The Food and Drug Administration (FDA) recently announced its Office of Orphan Products Development will be holding a meeting entitled “The Food and Drug Administration/European Medicines Agency Orphan Product Designation and Grant Workshop.”
The Orphan Drug Act (ODA) provides for granting special status to a drug or biological product (“drug”) to treat a rare disease or condition upon request of a sponsor. This status is referred to as orphan designation (or sometimes “orphan status”). For a drug to qualify for orphan designation both the drug and the disease or condition must meet certain criteria specified in the ODA and FDA’s implementing regulations at 21 CFR Part 316.
Orphan designation qualifies the sponsor of the drug for various development incentives of the ODA, including tax credits for qualified clinical testing. A marketing application for a prescription drug product that has received orphan designation is not subject to a prescription drug user fee unless the application includes an indication for other than the rare disease or condition for which the drug was designated.
The program has successfully enabled the development and marketing of more than 400 drugs and biologic products for rare diseases since 1983. In contrast, fewer than 10 such products supported by industry came to market between 1973 and 1983. The Orphan Grants Program has been used to bring more than 45 products to marketing approval. The Humanitarian Use Device Program has been the first step in approval of more than 50 Humanitarian Device Exemption approvals.
This 1-day workshop is intended to provide valuable information about the FDA and European Medicines Agency (EMA) Orphan Drug Designation programs, the FDA Humanitarian Use Device (HUD) Designation program, and the FDA Orphan Products Grant program to participants representing pharmaceutical, biotechnology, and device companies, as well as academics.
The meeting will be held on October 4, 2013, from 8:30 a.m. to 4:00 p.m. and will be held at FDA’s White Oak Campus in Silver Spring, Maryland.
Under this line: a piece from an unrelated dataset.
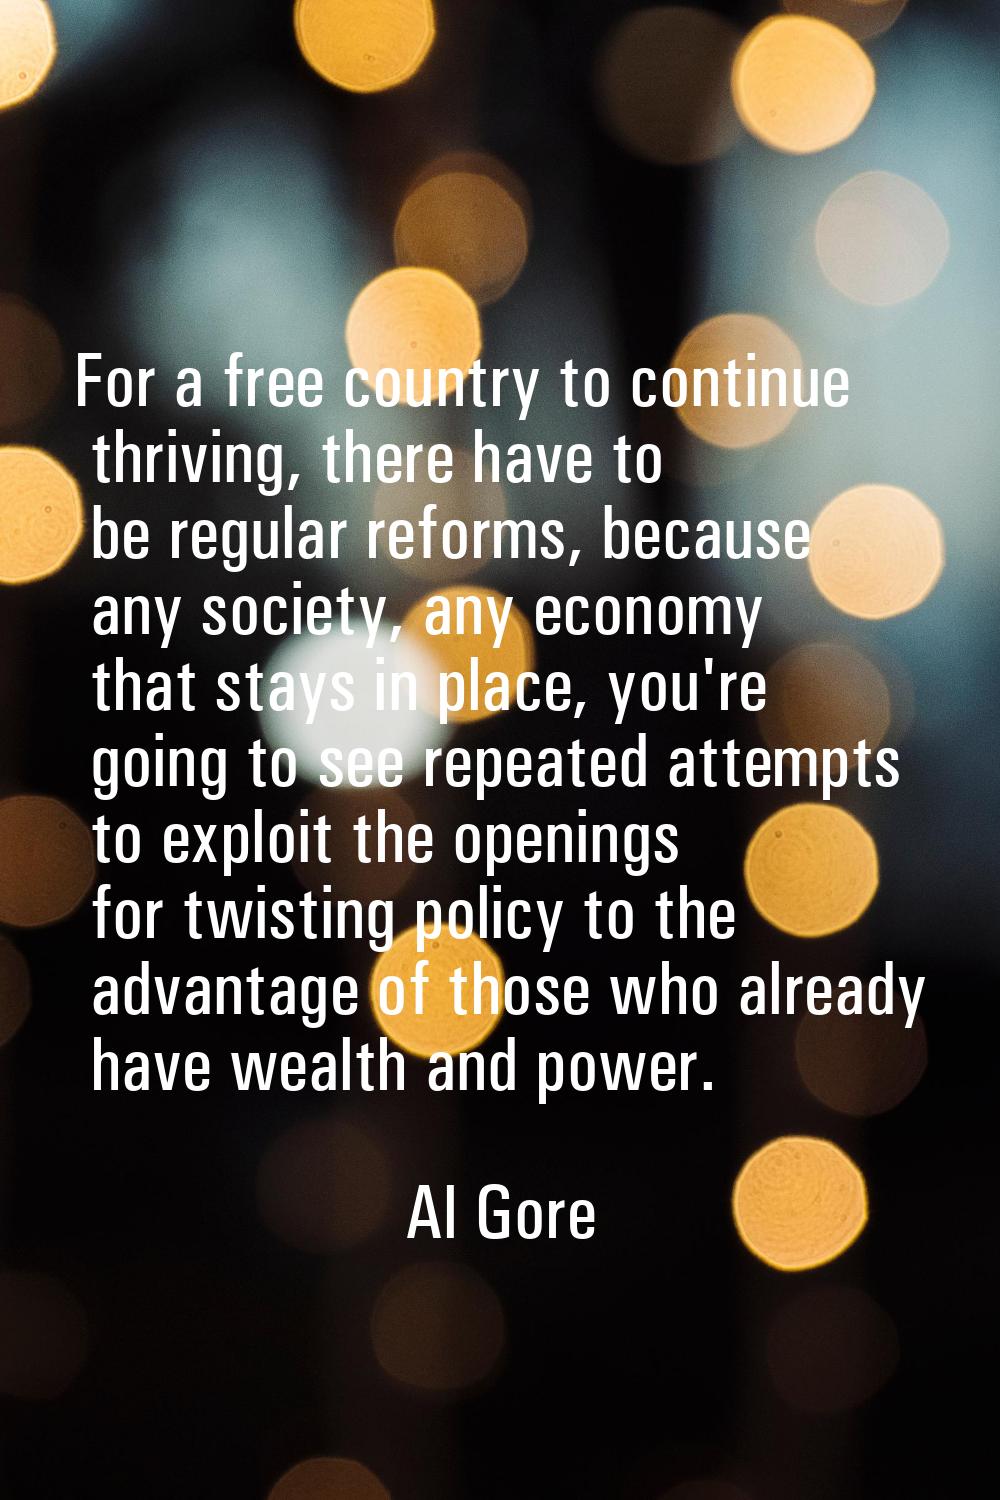 For a free country to continue thriving, there have to be regular reforms, because any society, any

Interested participants may register for this meeting here.
Online registration for the workshop will be limited to 240 participants for the morning session, of which approximately 50 teams (up to 150 participants) may register for the one-on-one sessions. There will be no registration fee for the workshop.
For participants who cannot attend the morning meetings, simultaneous live interactive Webcasts will be made available. Participants may access the drug and biologics Webcast here and devices here.
The meeting is being conducted in partnership with the European Organisation for Rare Diseases, Genetic Alliance, and the National Organization for Rare Disorders.
The morning program includes two simultaneous sessions. The first will provide an overview of the FDA and EMA Orphan Drug Designation programs, respectively, while the second will provide an overview of the FDA HUD Designation Program and Pediatric Device Consortia Grant Program. Both morning sessions will also cover the Orphan Products Grant Program as they relate to drugs, biologics, and devices. Both of these morning sessions will also be available by Webcast.
The Humanitarian Use Device (HUD) program designates a device that is intended to benefit patients by treating or diagnosing a disease or condition that affects fewer than 4,000 individuals in the United States per year as per 21 CFR 814.3(n).
The afternoon session (no Webcast), provides an opportunity for appropriately registered participants to have one-on-one meetings with FDA staff members onsite, to discuss the specifics on how to apply for an orphan product grant, a HUD designation, or orphan drug designation. It also provides for videoconference sessions with EMA staff representatives on EMA orphan drug designation.
Participants requesting one-on-one meetings are expected to bring information for at least one candidate orphan drug or device that holds promise for the treatment of a rare disease or condition in order to discuss the processes for putting together an application. In addition, participants in the HUD or orphan drug designation one-on-one sessions are highly encouraged to come prepared with a working draft submission of their particular promising therapy in order to maximize the utility of the one-on-one meetings.